While this talk encourages you to get into the nitty gritty of CNI – Doug really wants to invite you to become a participant in bigger picture efforts for the Kubernetes networking community, too. There is a nascent Kubernetes-native MultiNetworking effort, the Kubernetes Network Plumbing Working Group, and upcoming work for CNI 2.0. This talk, and PoC project represents some problems that we need to solve as a community – If we don’t represent the community and what we all want – we lose out to the commercial efforts which will steamroll the community and leave our (already overtaxed!) sysadmins in the dirt. We all need common ground to work together upon, and it’s up to the community to set those standards and let the commercial efforts follow.

CNI is the “Container Networking Interface”, and it’s an API for setting up networking for containers, and also used by Kubernetes. We love it for its simplicity, and for the fact that it’s a common ground for networking in Kubernetes, and we already know, container networking isn’t always easy. What you might not know is that CNI itself is “container orchestration engine agnostic.” For a 1.0, this limitation makes sense, and we need to respect the origins of this thinking, and it allows some overarching constructs that are useful for both orchestration engines, and container runtimes (like crio and containerd), but we need a step forward in terms of Kubernetes given how ubiquitous it’s become, and continues to become in the networking space.

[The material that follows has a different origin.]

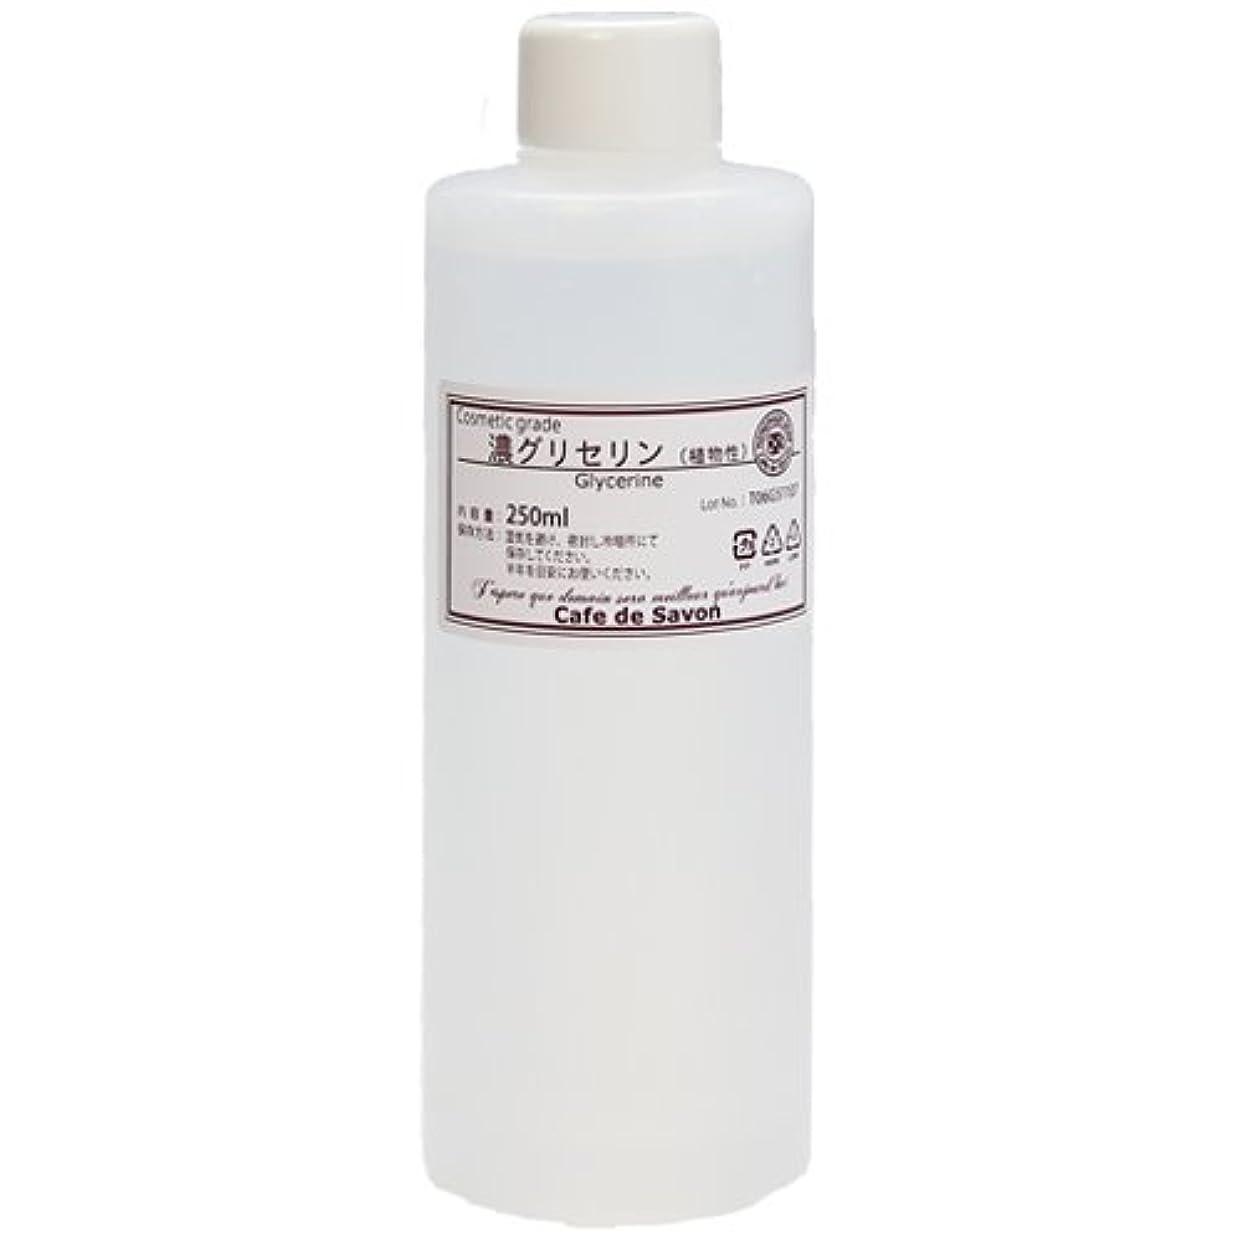 濃グリセリン[植物性] 250ml 【手作り石鹸/手作りコスメ】

Doug believes that we need an evolution, or potentially, a revolution for CNI 2.0. One that gives us a layer to speak to CNI using Kubernetes. If we don’t have this pathway, it encourages developers to ignore CNI and build their own Rube Goldberg machine, and sysadmins have already had to chase the rolling ball down the chute to light the match to drop the mousetrap enough as it is. We need standards, not contraptions!